Moonlight - Woot!!! Way to go eliminating bread for the whole week! Having that "off your radar" is worthy of celebration. And you've identified your next challenges on which to focus, so you've set some clear next steps. I can say that a daily journal was essential to my own process in building both adherence and confidence that my changes were durable. Those daily and weekly measurable and noticeable successes are very good fuel for forging ahead. Keep fine-tuning those strategies and overcoming those obstacles.
abible - In my experience, "belly-bombers" that are within easy reach tend to get eaten, particularly when circumstances conspire to put us in a state that is less than our best. I think some planning, organization and preparation is a crucial component of durable adherence; each of us has to figure out how we can assemble meals that fulfill the guidelines on a consistent, ongoing basis, and effort exerted to that end is very well-spent. I also typically eat my meals out of a big bowl (the same one I use for my salads), I just "eyeball" the 50/50 putting in half non-starchy vegetables and half minimally processed starches, before I mix them together. Nearly all of Jeff's
Fast Food recipes and the SNAP template fulfill the spirit of the 50/50 rule, as well. Because our society is riddled with those "food traps" you mention, some days will always feel like a struggle, but by following the MWL 10-Point Checklist consistently to the best of our ability, we're certain to have more days that are good than bad.
lmggallagher - Way to go, Michelle; another week, another pound! Sorry your foot is still causing trouble. It is very true that even "low sodium" soy sauce isn't
that low - a single Tbsp contributes about the same amount of sodium as 1/4 tsp of salt. As Jeff says, always read the Nutrition Facts label and the Ingredient List.
I wish you the best with your "weeding" of the cupboards.

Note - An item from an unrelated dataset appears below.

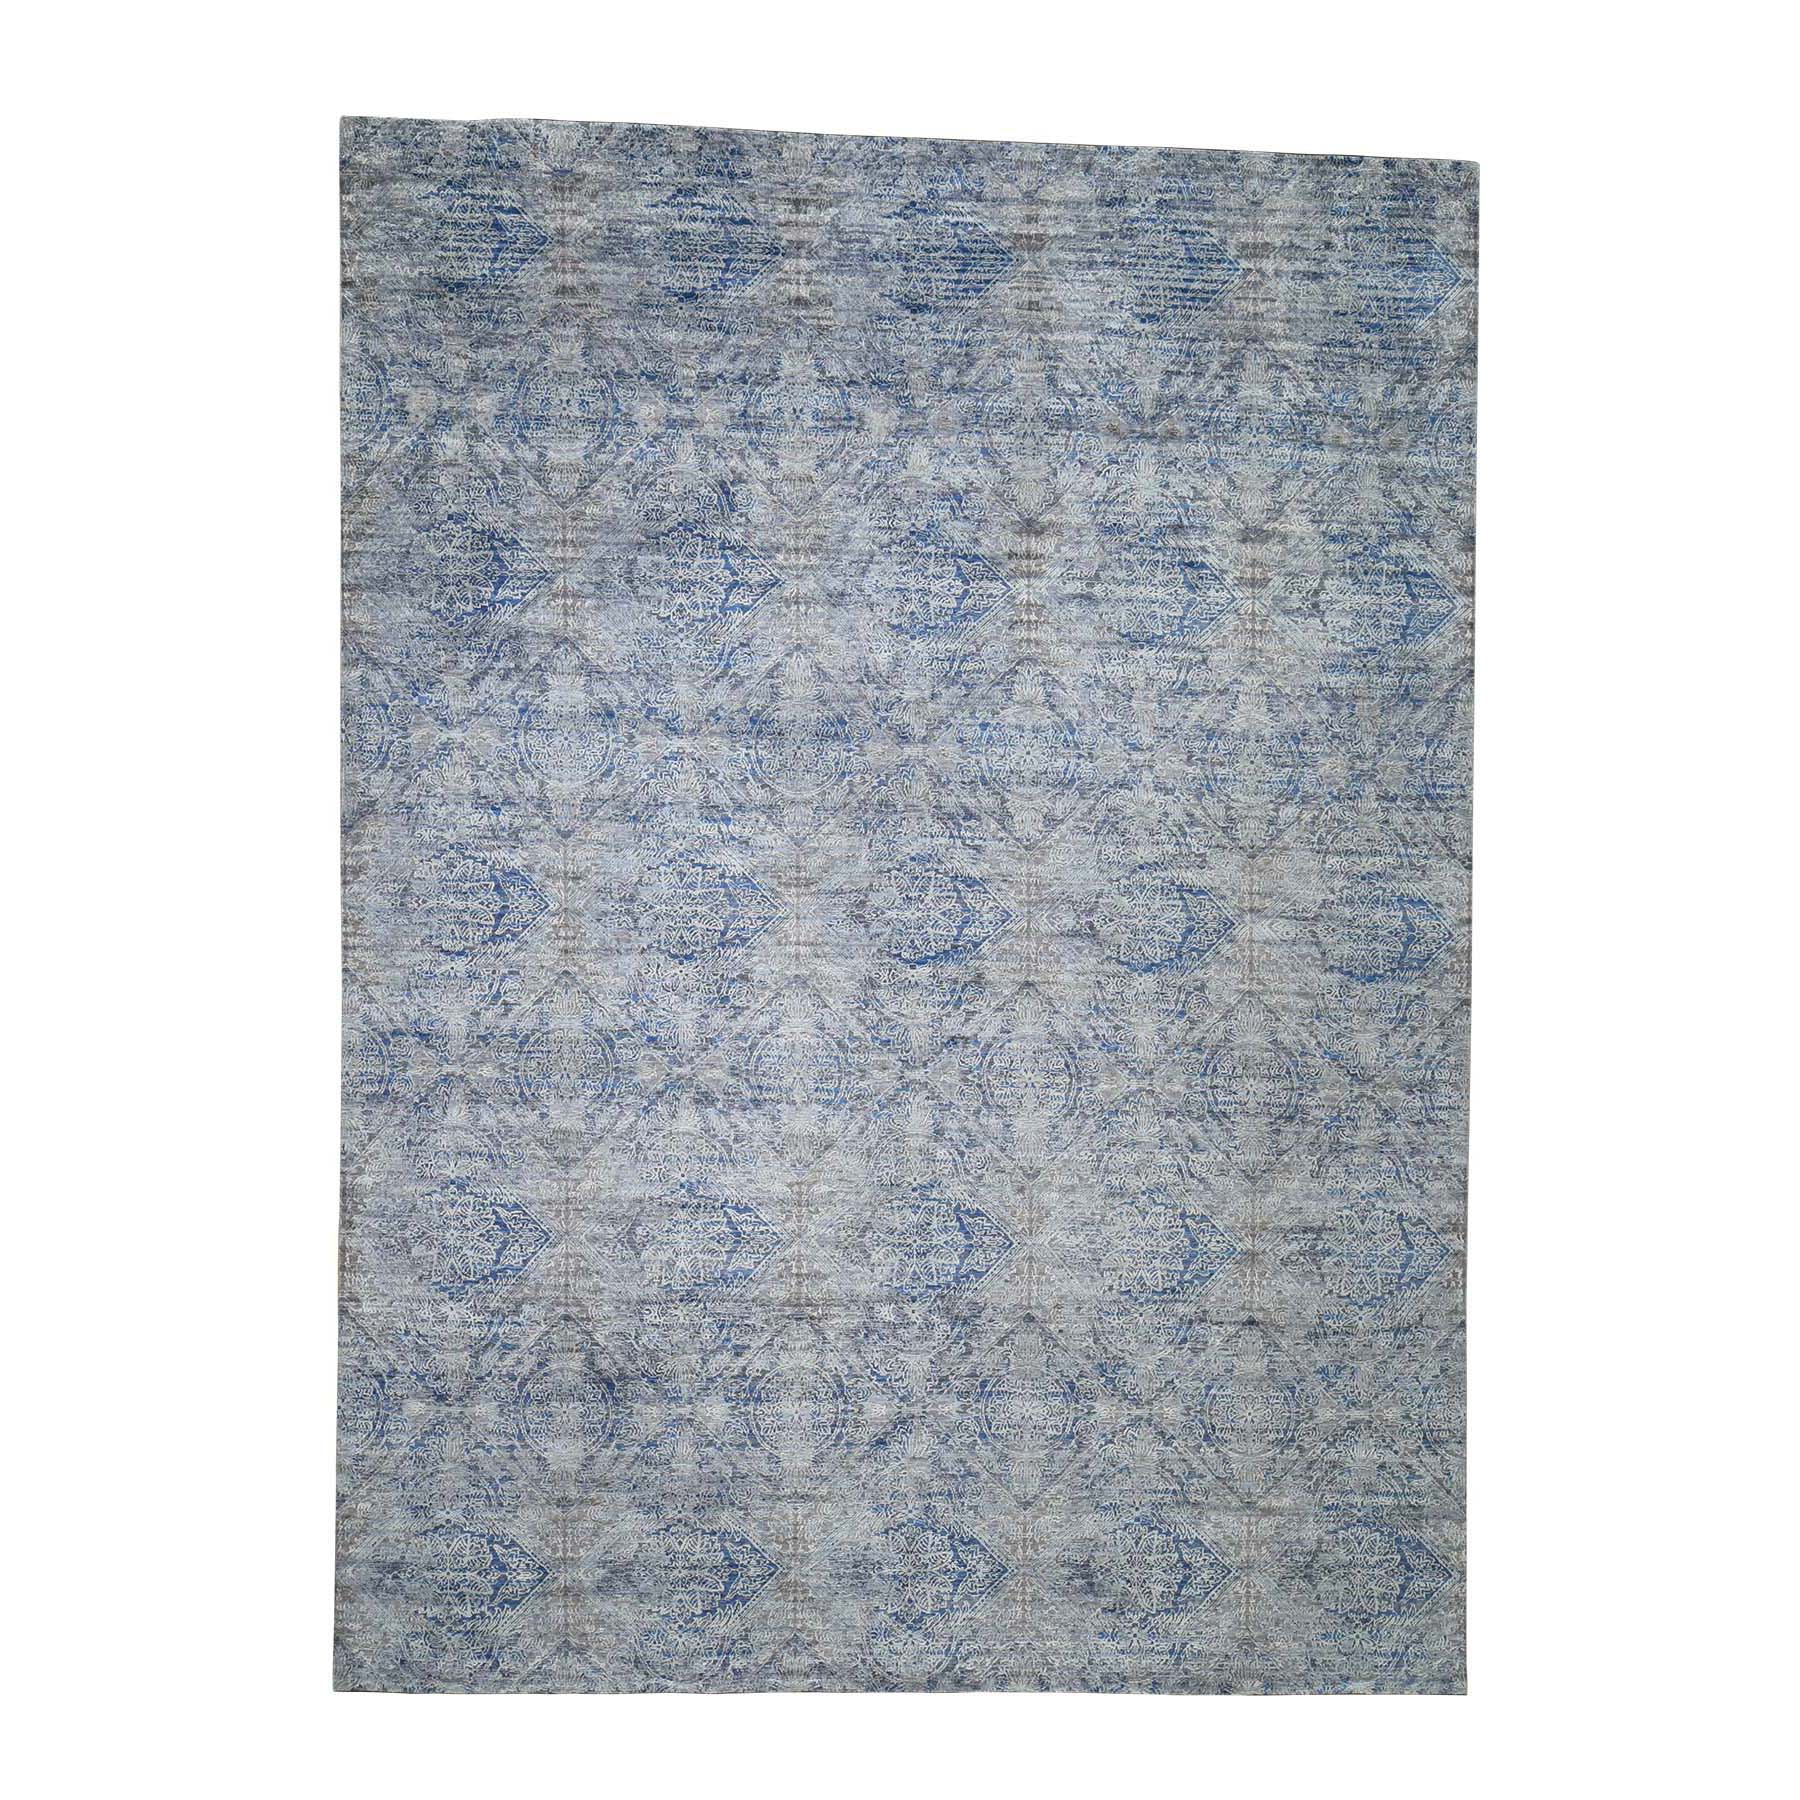 8'9"x12' Silk With Textured Wool Denim Blue Erased Rosette Design Hand Woven Oriental Rug

Noella - Hi! I'm sorry you were feeling poorly, but very glad to have you back this week! A big congratulations on everything you've achieved thus far! Doing the best job you can working on the appropriate behaviors and not giving up is the whole ball game. During the periods when I have chosen to include added salt in my diet, I would usually measure 1/2 tsp into a small salt cellar, and sprinkle pinches from that onto my food at the table. Managing it that way, I was always sure I'd be limiting added salt to 1/2 tsp or less for the whole day. Often, I wouldn't even end up using all the salt I had allotted. Presently, I don't use any added salt - Mrs. Dash Table Blend or Kirkland No Salt Seasoning fill that role pretty nicely, and I use those liberally. Being generous with herbs and spices can go a long way toward making meals flavorful with no (or minimal) added salt.
wstokes - Congratulations on your 38 lb loss since the start of the year! That is quite an achievement! It's nearly impossible to change behaviors that we aren't consciously and deliberately attending to, so assessing our day to day actions against the checklist (and putting our focus where it is needed) makes us much more likely to succeed at building the habits we are seeking. Use the checklist to highlight where you have the chance to do more, and keep on doing the best you can.
Last edited by Mark Cooper on Fri Jun 19, 2020 6:40 pm, edited 2 times in total.